Ben Blair - Page 174/187

Again there was a pause, so long that Scotty expected unqualified refusal: and again he was disappointed. Without a word, the girl removed the note from the envelope and passed it over to him.

Scotty read it and returned the sheet.

"You haven't written an answer yet, I judge?"

"No."

The Englishman's fingers were tapping nervously on the edge of the chair-seat.

"I wish you to decline, then."

The childish expression left the girl's eyes, the listlessness left her attitude.

"Why, if I may ask?" A challenge was in the query.

Scotty arose, and for a half-minute walked back and forth across the disordered room. At last he stopped, facing his daughter.

"The reason, first of all, is that I do not like this man Sidwell in any particular. If you respect my wishes you will have nothing to do with him or with any of his class in future. The second reason is that it is high time some one was watching the kind of affairs you attend." The speaker looked down on the girl sternly. "I think it unnecessary to suggest that neither of us desires a repetition of last night's experience."

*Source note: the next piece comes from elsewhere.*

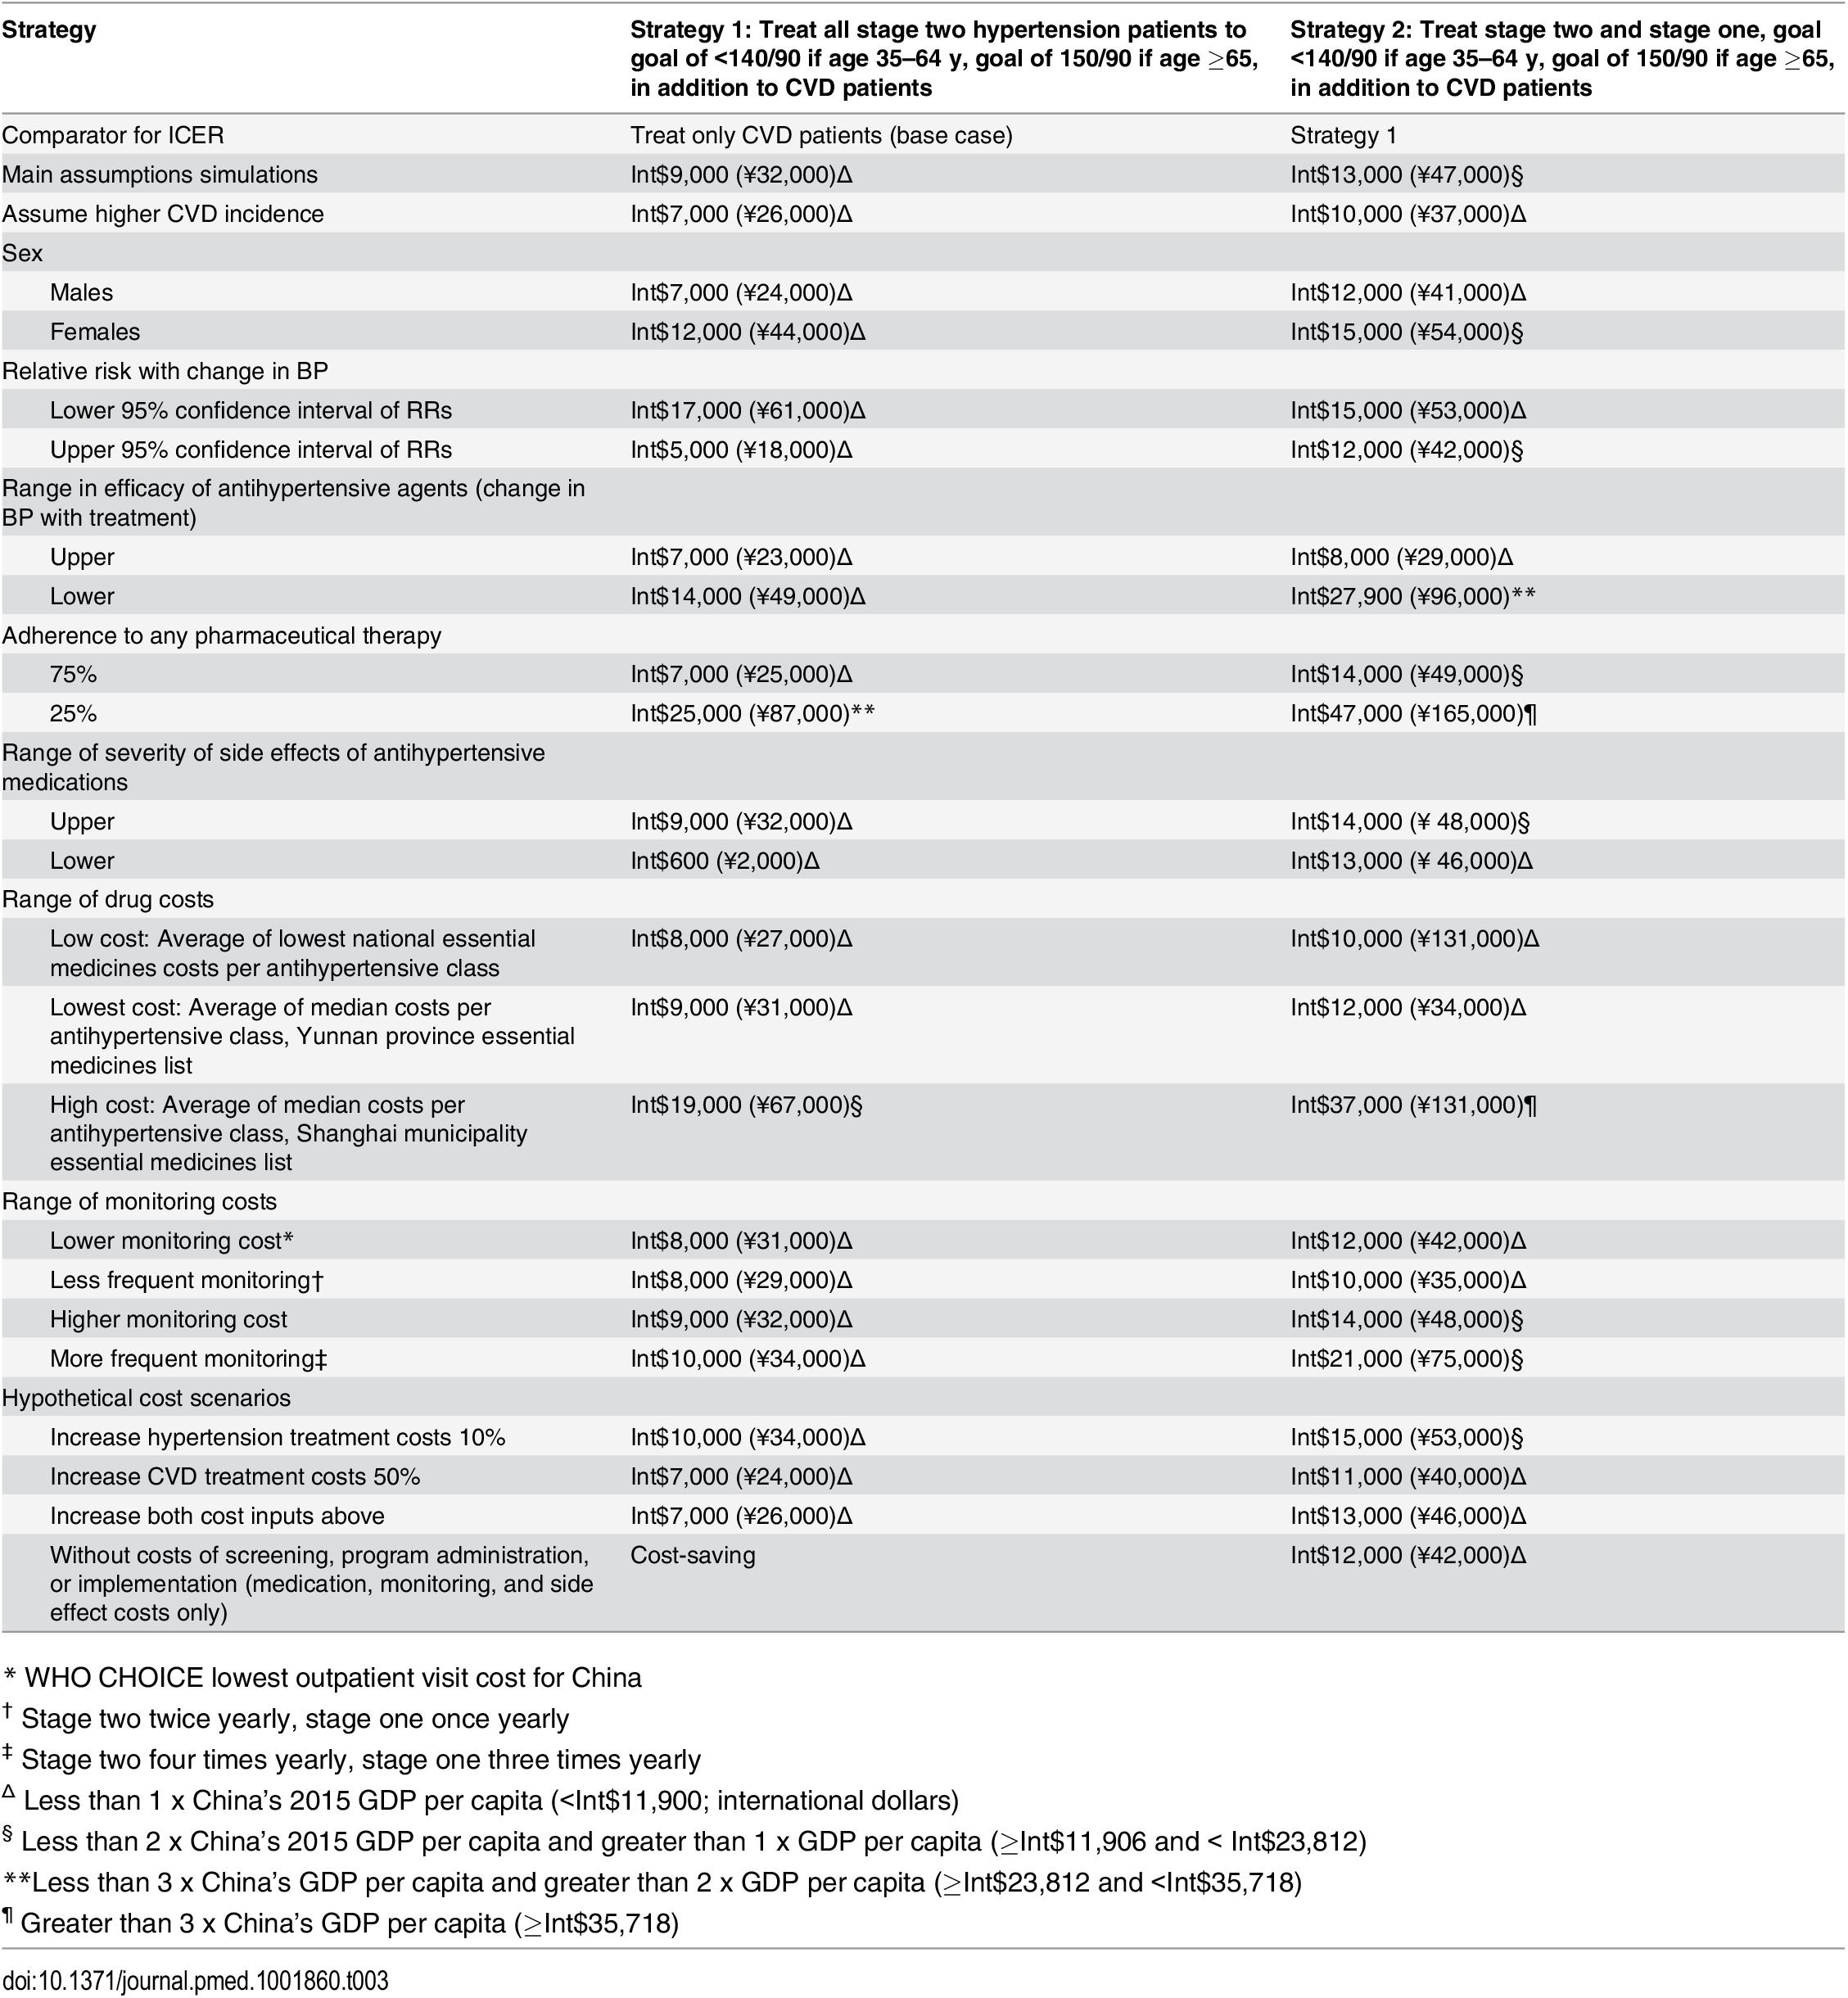 One-way sensitivity analysis of hypertension treatment inputs.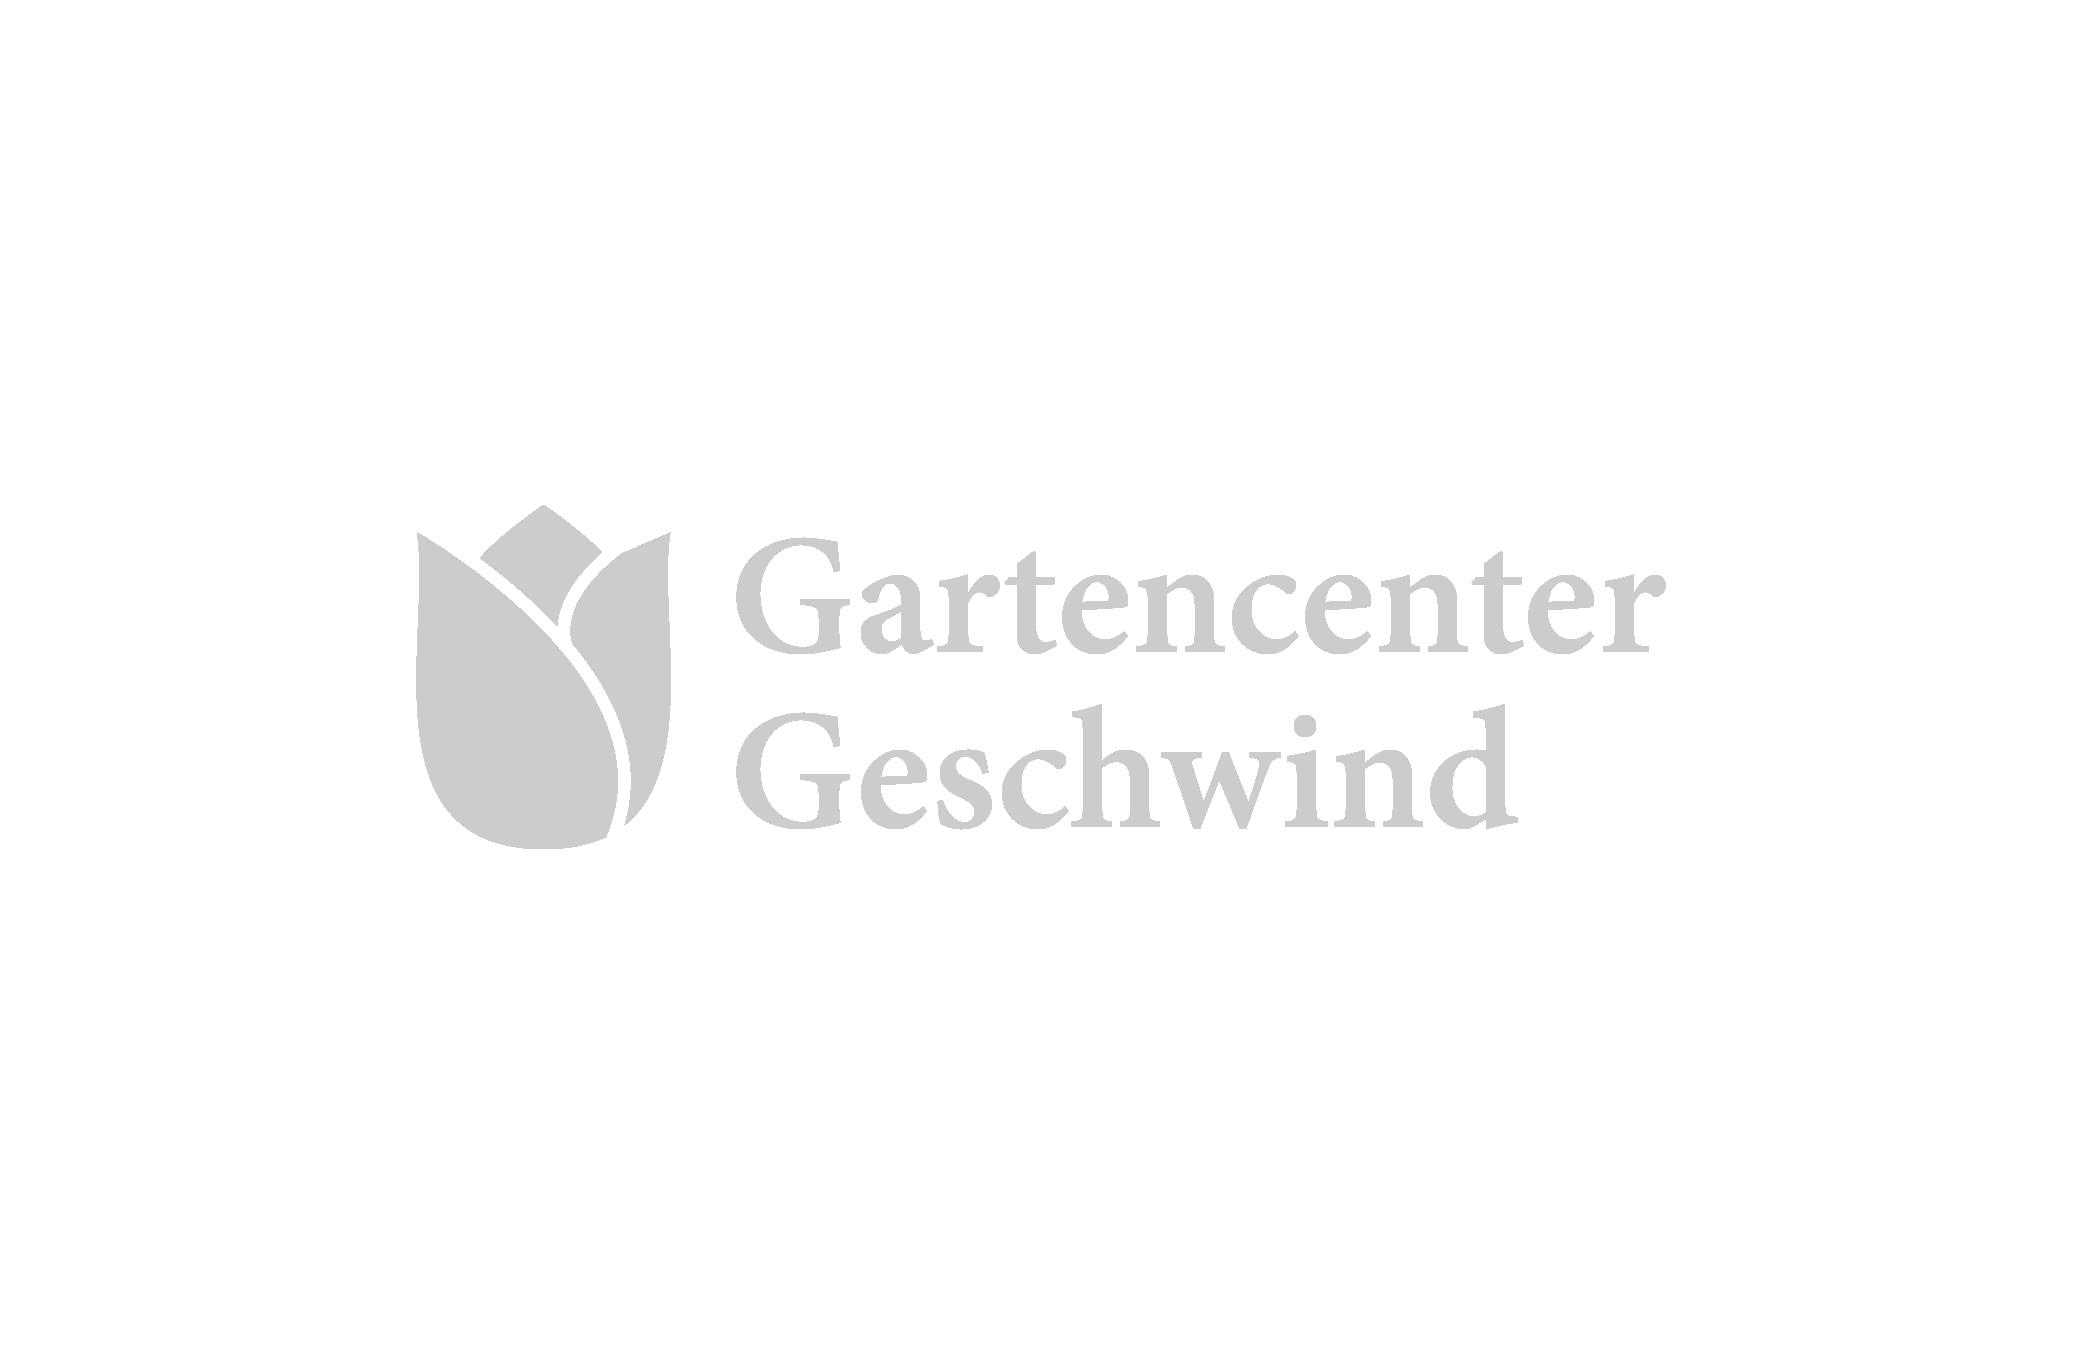 Gartencenter Geschwind

Of a sudden, her face very red, Florence was likewise upon her feet. In the irony of circumstances, Sidwell could not have had a more powerful ally. Her decision was instantly formed.

"I quite agree with you about the incident of last evening," she flamed. "As to who shall be my associates, and where I shall go, however, I am of age--" and she started to leave the room.

But preventing, Scotty was between her and the door. "Florence,"--his face was very white and his voice trembled,--"we may as well have an understanding now as to defer it. Maybe, as you say, I have no authority over you longer; but at least I can make a request. You know that I love you, that I would not ask anything which was not for your good. Knowing this, won't you at my request cease going with this man? Won't you refuse his invitation for to-night?"

Nearer than ever before in his life was the Englishman at that moment to grasping the secret of control of this child of many moods. Had he but learned it a few years, even a few months, sooner--But again was the satire of fate manifest, the same irony which, jealously withholding the rewards of labor, keeps the student at his desk, the laborer at his bench, until the worse than useless prizes flutter about like Autumn leaves.

For a moment following Scotty's request there was absolute silence and inaction; then, with a little appealing movement, the girl came close to him.